***** Material provided

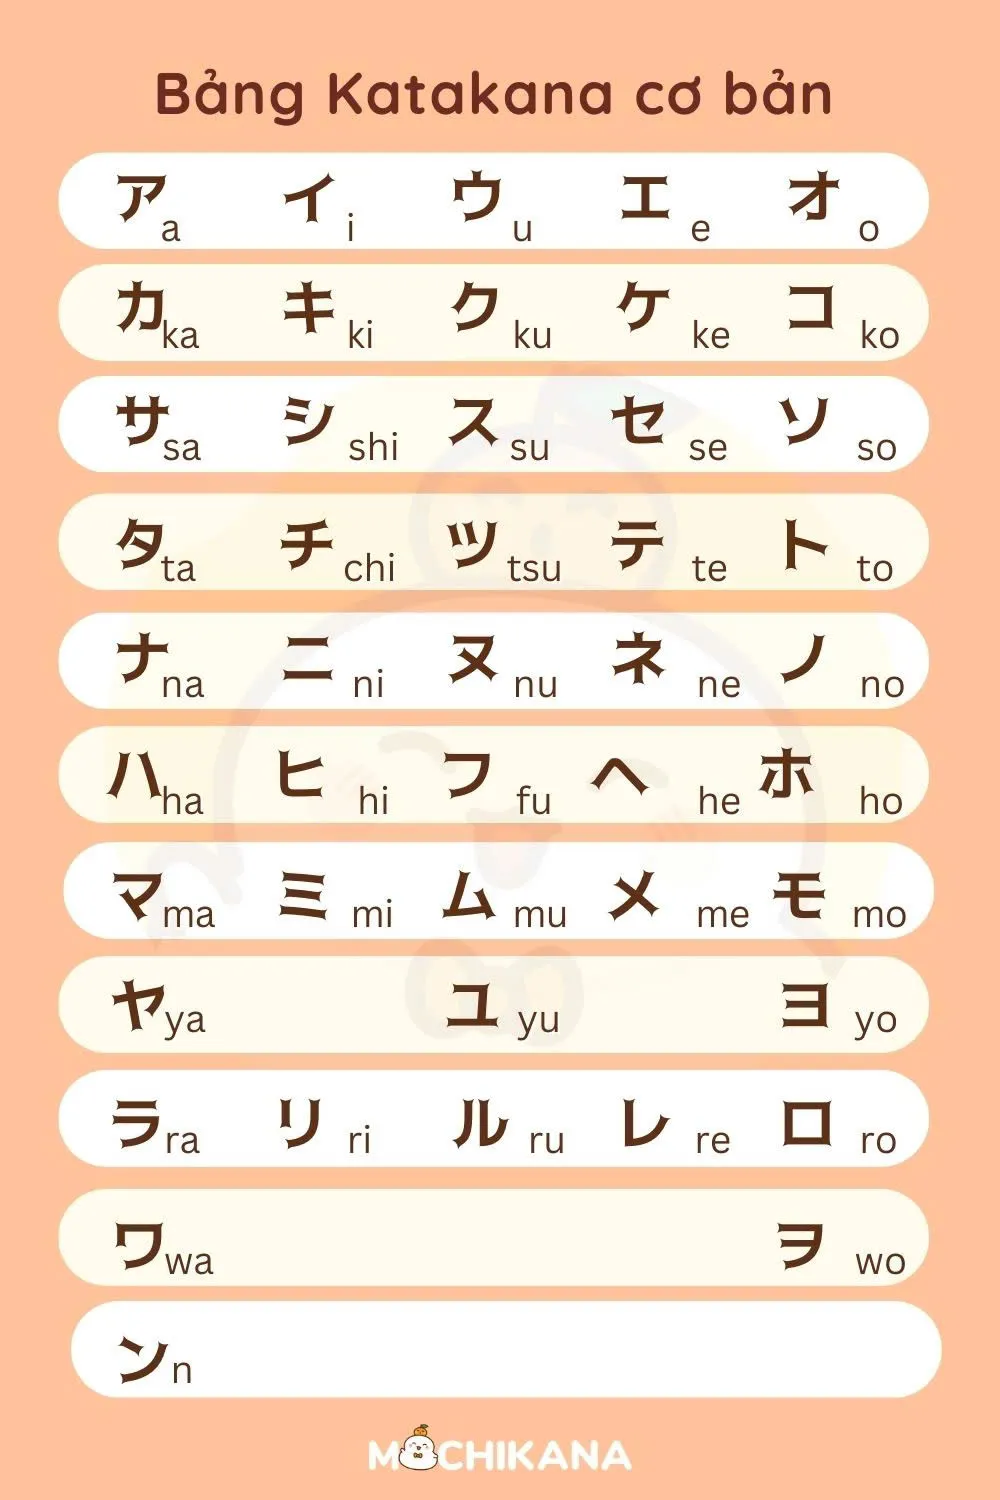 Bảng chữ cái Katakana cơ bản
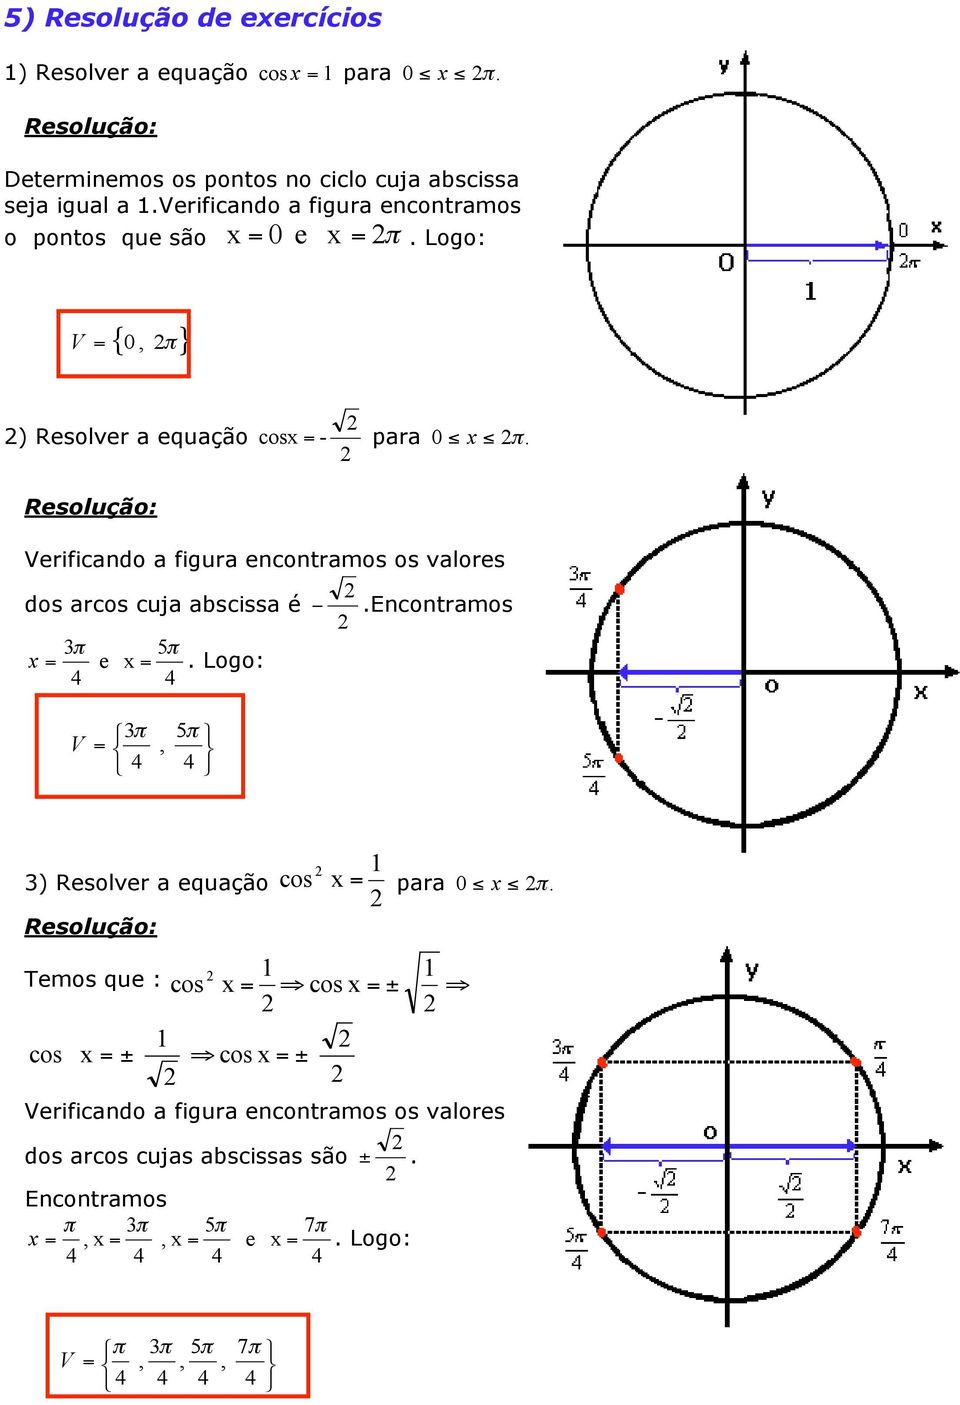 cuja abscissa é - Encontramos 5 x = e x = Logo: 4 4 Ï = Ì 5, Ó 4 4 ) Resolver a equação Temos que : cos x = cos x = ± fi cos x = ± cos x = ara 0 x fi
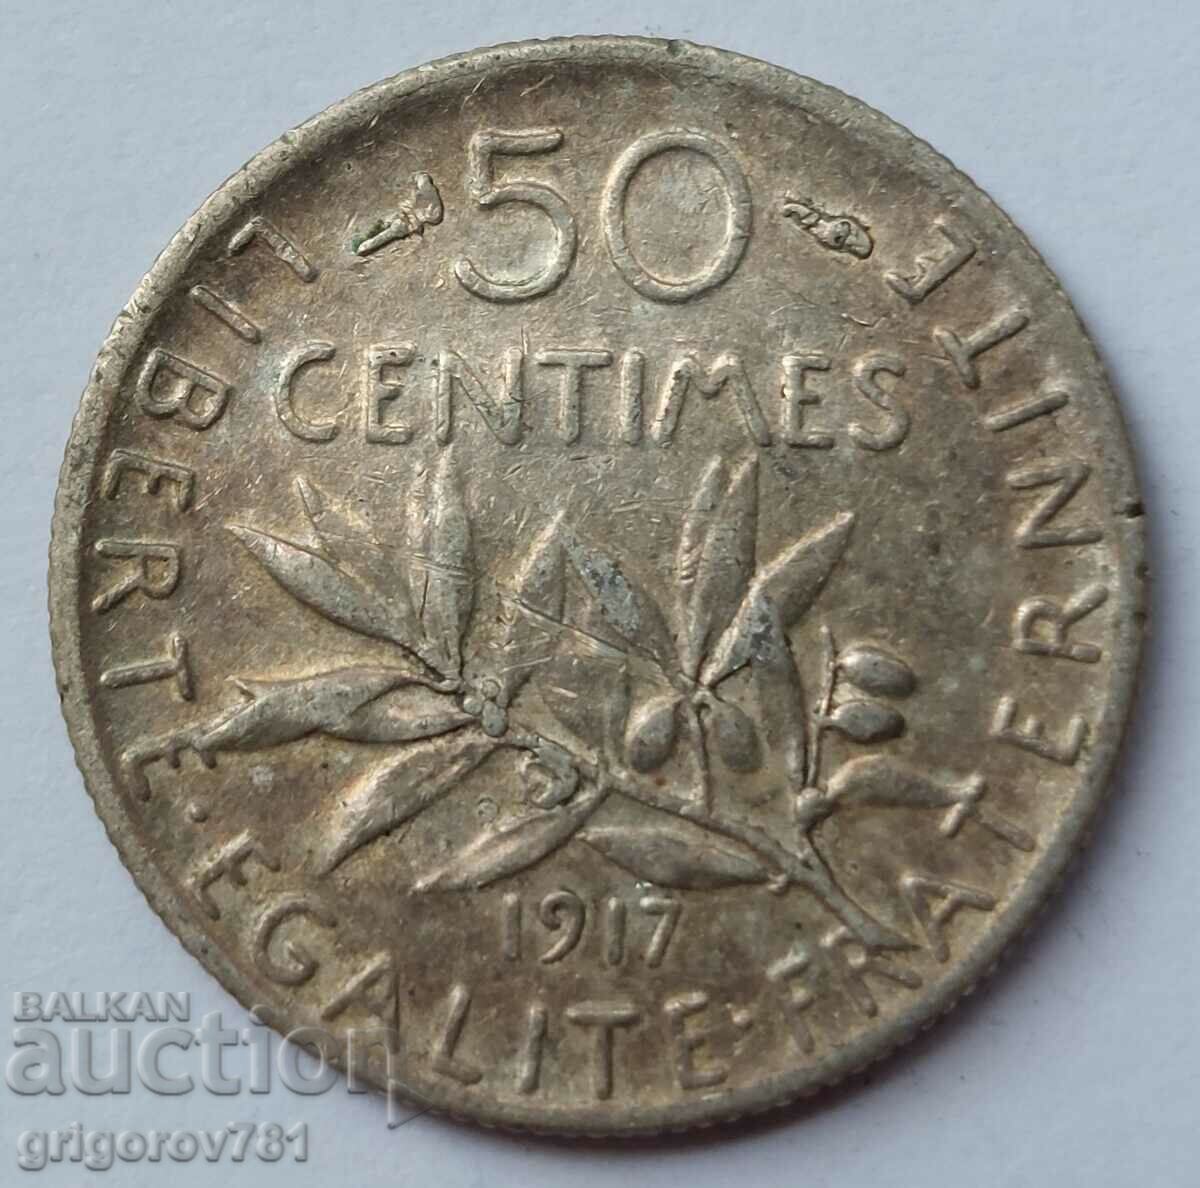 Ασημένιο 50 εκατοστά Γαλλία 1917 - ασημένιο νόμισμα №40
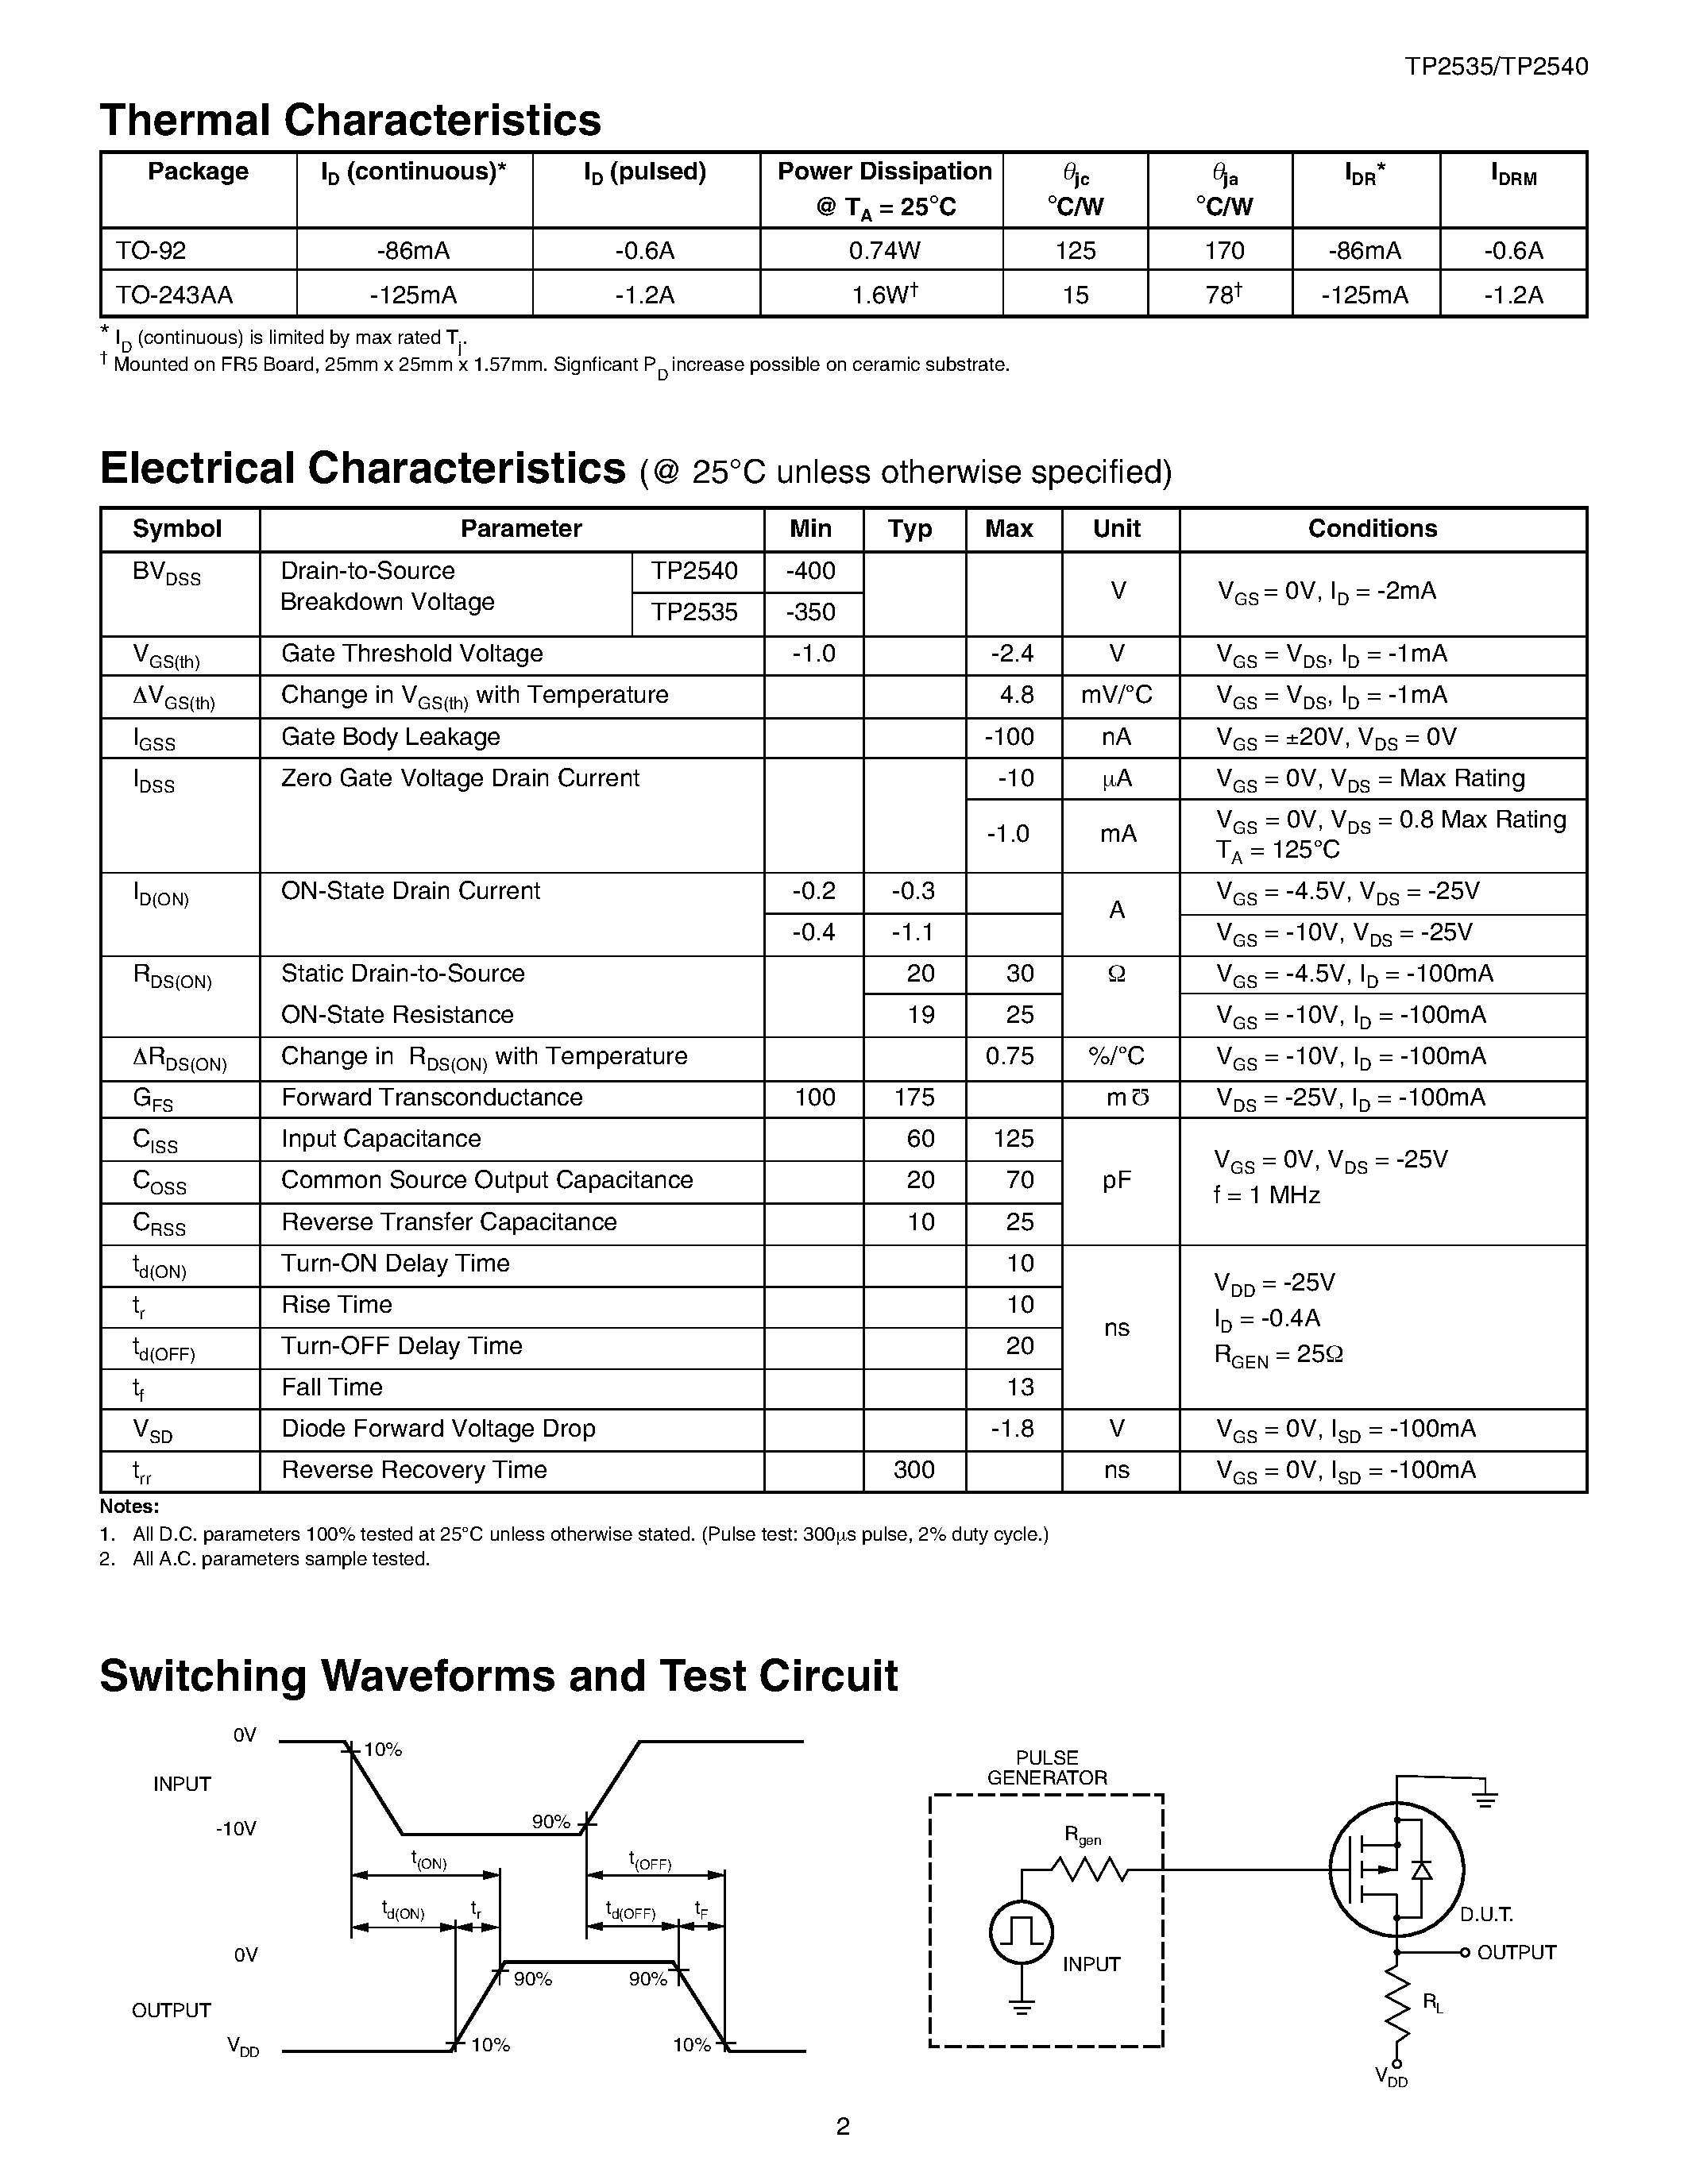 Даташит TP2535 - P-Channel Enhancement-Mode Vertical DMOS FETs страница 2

**********

What you have to do: Every line above needs to be written out again as it stands. Pictures do not belong in the copy.

Output of the exercise:
 Bảng chữ cái Katakana cơ bản
 cuja abscissa é - Encontramos 5 x = e x = Logo: 4 4 Ï = Ì 5, Ó 4 4 ) Resolver a equação Temos que : cos x = cos x = ± fi cos x = ± cos x = ara 0 x fi
 Ασημένιο 50 εκατοστά Γαλλία 1917 - ασημένιο νόμισμα №40
 Даташит TP2535 - P-Channel Enhancement-Mode Vertical DMOS FETs страница 2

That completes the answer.